Background information
- Born: 1953 (age 71–72) Aleppo, Syria
- Origin: Armenia
- Genres: patriotic songs
- Occupation: Singer
- Instrument: Vocals

= Karnig Sarkissian =

Armenian singer

Karnig Sarkissian (Գառնիկ Սարգսյան; Գառնիկ Սարգիսեան; born 1953) is an Armenian-American singer from Aleppo, Syria. He is best known throughout the Armenian diaspora for his performance of Armenian patriotic and revolutionary songs. He is a supporter of the Armenian Revolutionary Federation (ARF).

==Prison==
In 1982, Sarkissian, who was resident of Anaheim, California at the time, was convicted of taking part in a plot to bomb the Turkish Consulate in Philadelphia. According to the conviction, his accomplices were Viken Vasken Yacoubian of Glendale, Vicken Archavir Sarkissian Hovsepian of Santa Monica, Dikran Sarkis Berberian of Glendale, and Steven John Dadaian of Canoga Park. They were accused of being members of the militant group Justice Commandos of the Armenian Genocide (JCAG).

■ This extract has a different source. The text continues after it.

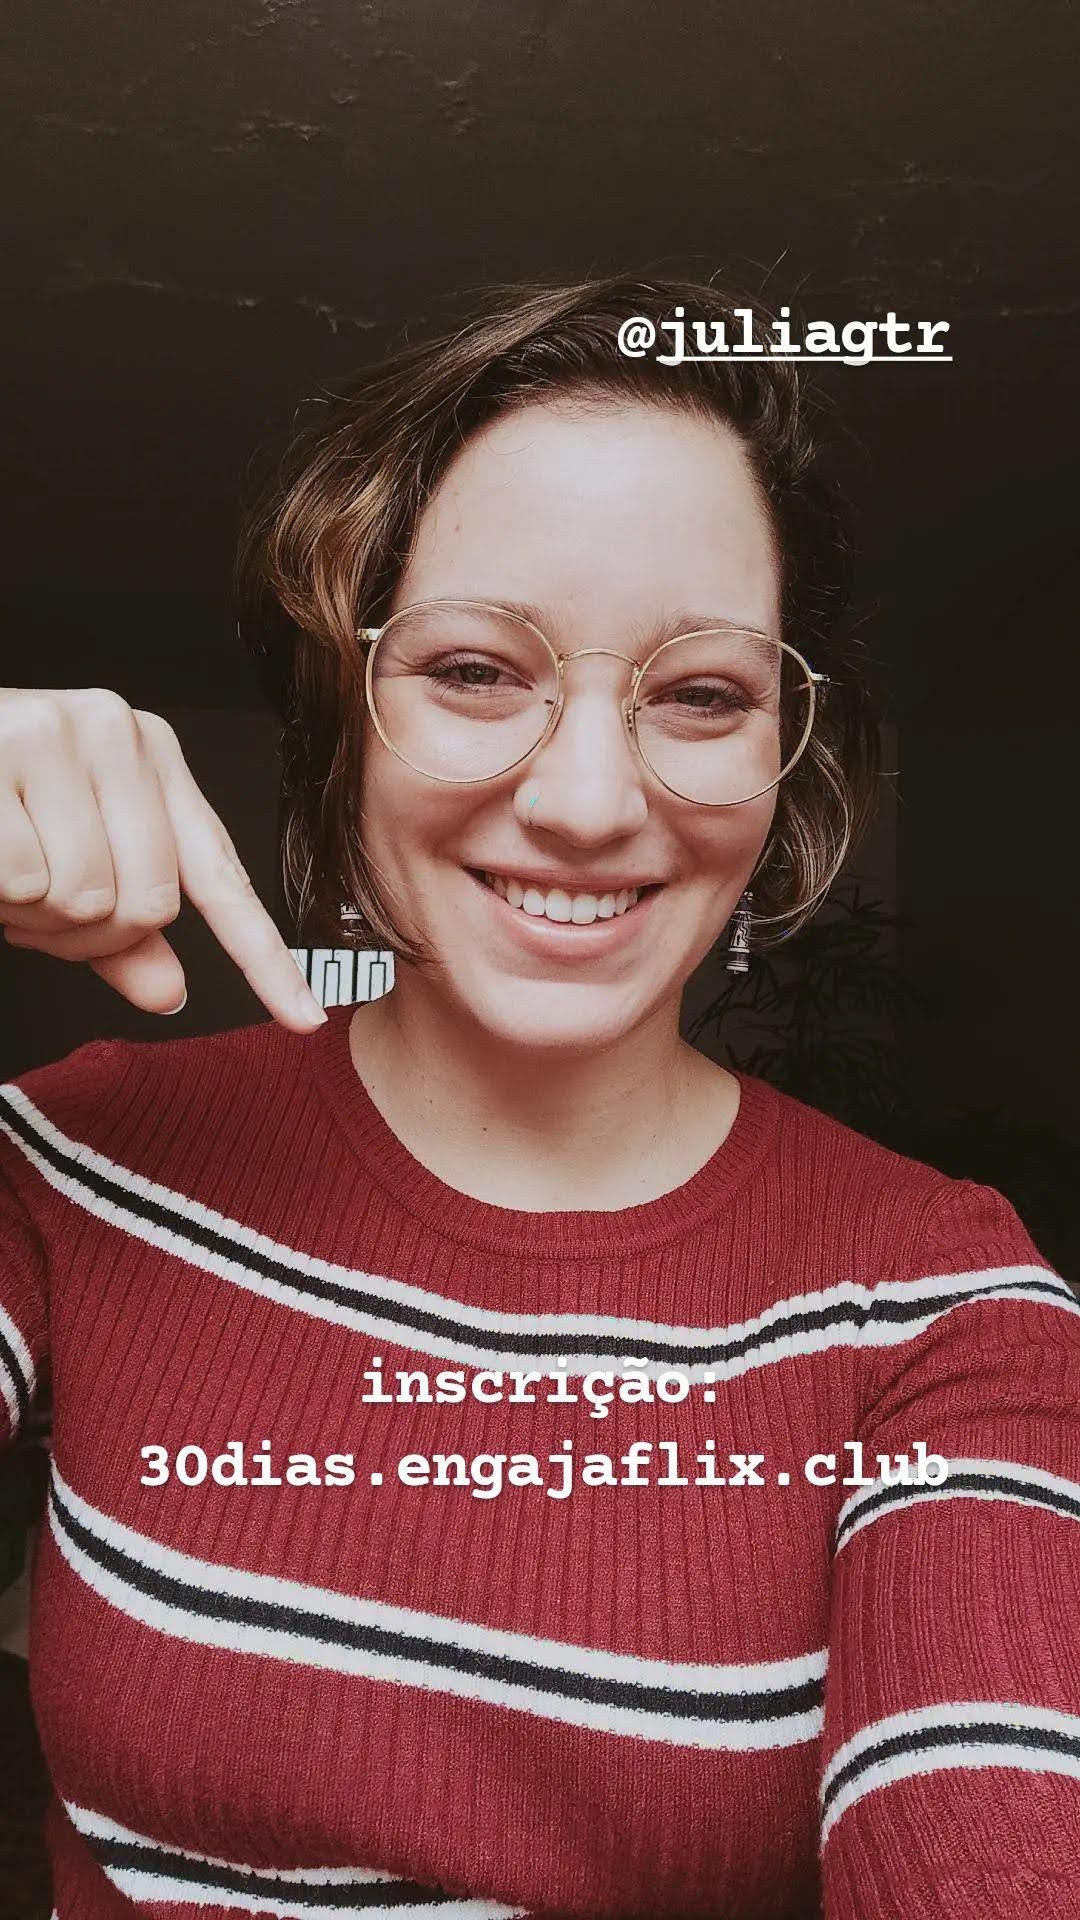 uma foto minha modo selfie usando uma blusinha de lã vermelha com listras pretas e brancas. tô sorrindo e apontando pra um texto que diz: inscrição: 30dias.engajaflix.club.

His prison sentence was cut short. After his release from prison, Karnig Sarkissian resumed his artistic activity and is a popular singer in the Armenian diaspora.

==Discography==
===Studio albums===
- Mayrigis (1977)
- Ho Hi Ta (1977)
- Hayotz Mardigner (1985)
- Lisbon Five (1989)
- Gharapaghi Engadznerin (1993)
- Meghavore Tashnagtsutyun (1995)
- Ezkush Kordzir Hayasdanum (1996)
- Ver Gats Joghovourt (1997)
- Heghapoghagan (1999)
- Abril 24 (1999)
- Zinial Baykar (1999)
- Lisbon 5 // Hayrigin Yerke (2004)
- Housher (2009)

===Live Albums===
- Live In Los Angeles (1988)
- Live In Concert (1995)

===Compilation Albums===
- Heghapoghashouchi Yerkarvesdi Janabare (2014)

===Singles===
- Partsratsir Partsratsour (1995)
- Bantarkyali Yerke (2008)
- Garo Kaplanian (2008)
- Hyrig (2008)
- Khachig Arabian (2008)
- Serj Tovmasian (2008)
- Haghterk Mardashounch (2008)
- Jeshmardoutyoun (2008)
- Nathaline Sarkisyan (2010)
- Baykare Hayots (feat. Garo Gaboudagian) (2011)
- Homentmen (2012)
- Yeraplur (2013)
- Baruyr Doudaklian (2013)
- Nemesis (2013)
- 50 Daris (2013)
- Syriahay Kacher (2013)
- Hay Dignotch Hamar (2014)
- Hin Houys Talar (2014)
- Vanetsi Gdrich (2014)
- Hokehankisd (2015)
- Arjani (feat. Sevak Amroyan) (2017)
- Arakadsi Kaykerk (2018)
- 100 Amyag Kaylerk (2018)
- Tebi Sassoun (feat. Harout Pamboukjian) (2018)
- Veradardzir (feat. Joseph Krikorian) (2018)
- Ganche Hoghin (feat. Tro Krikorian) (2018)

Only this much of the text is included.